Pinelopi Koujianou Goldberg
This week in Say More, PS talks with Pinelopi Koujianou Goldberg, Professor of Economics at Yale University and a former World Bank Group chief economist.
Project Syndicate: Last July, you criticized the prevailing approach to tackling inflation in the United States, arguing that interest-rate hikes would be “insufficient to rein in inflation in the short run” and “likely [to] increase unemployment over time.” Since then, the US Federal Reserve has continued to hike rates, inflation has started to slow, and job growth has remained stronger than expected. Do recent data suggest that the Fed has done enough – or too much? How credible is its signal that the federal funds rate will exceed 5% by the end of this year?
Pinelopi Koujianou Goldberg: To be clear, I did not argue that interest-rate hikes are not useful in the effort to curb inflation. Rather, I pointed out that interest rates alone would be insufficient to bring price growth under control.

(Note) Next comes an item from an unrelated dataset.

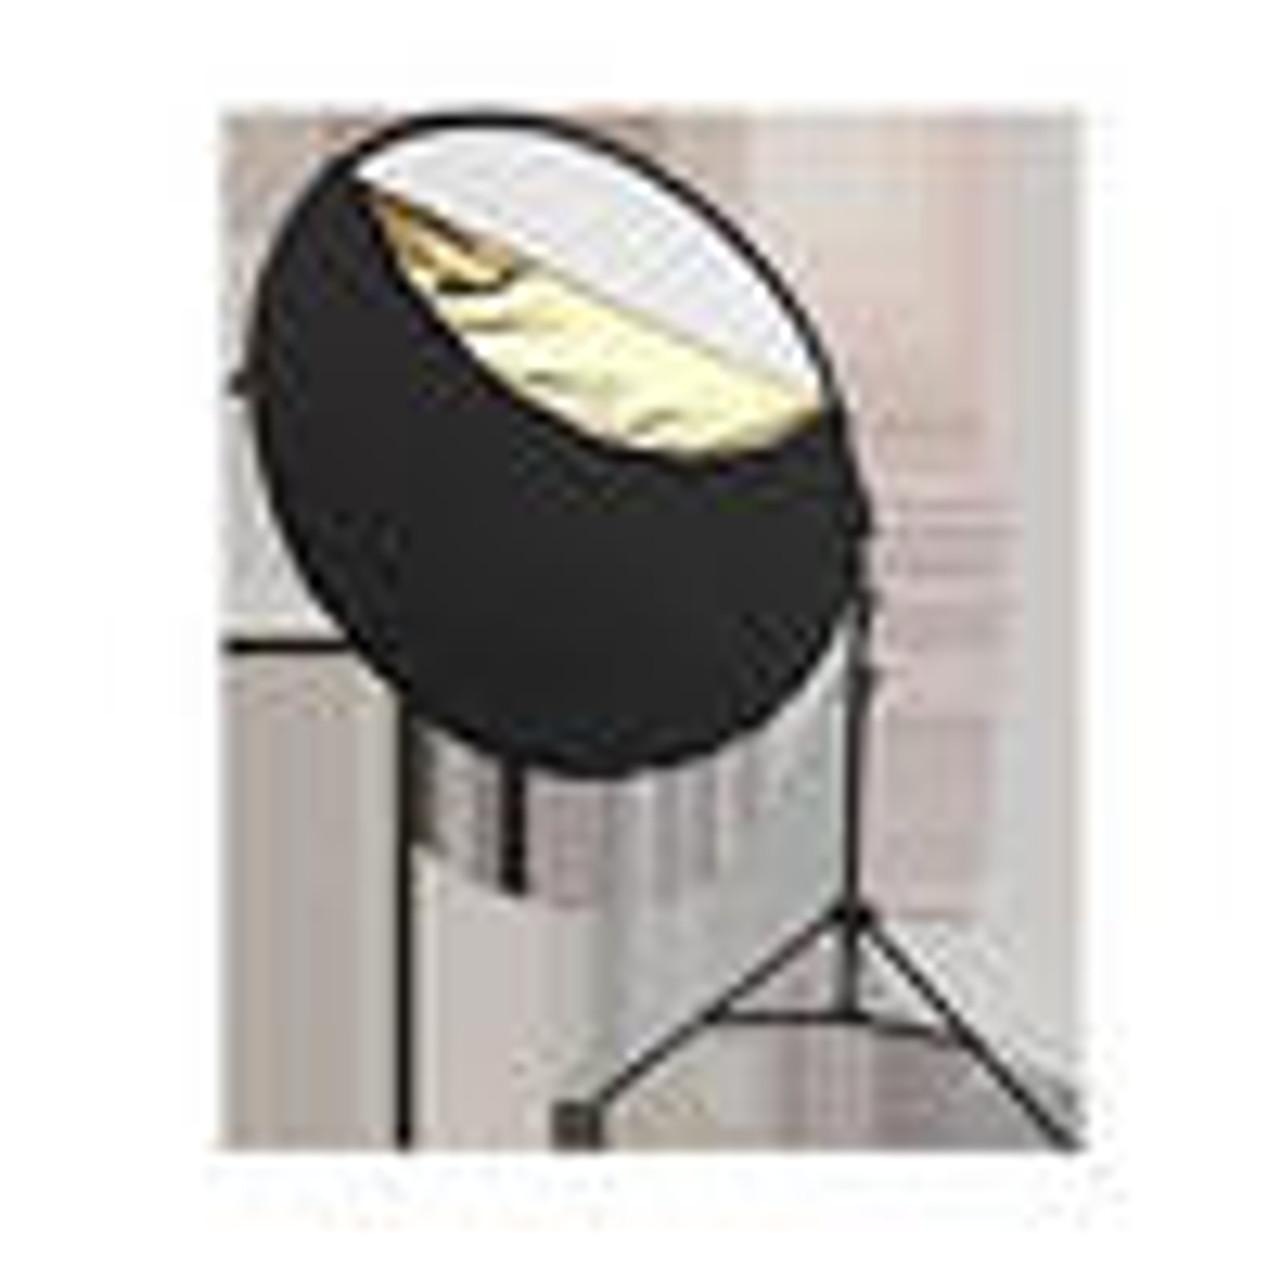 "Westcott Photo Basics 5-in-1 Reflector Kit (40.5"")"

Interest rates target demand, but in the latest bout of inflation, supply shortages have been equally important.
The good news in the United States today is that inflation has been reined in, and the labor market remains strong. But we are not out of the woods. The Fed recognizes this (and has repeatedly pointed it out). The central bank has been wise to pay close attention to the data, rather than pre-commit to a specific rate-hike trajectory. I have no issue with its actions.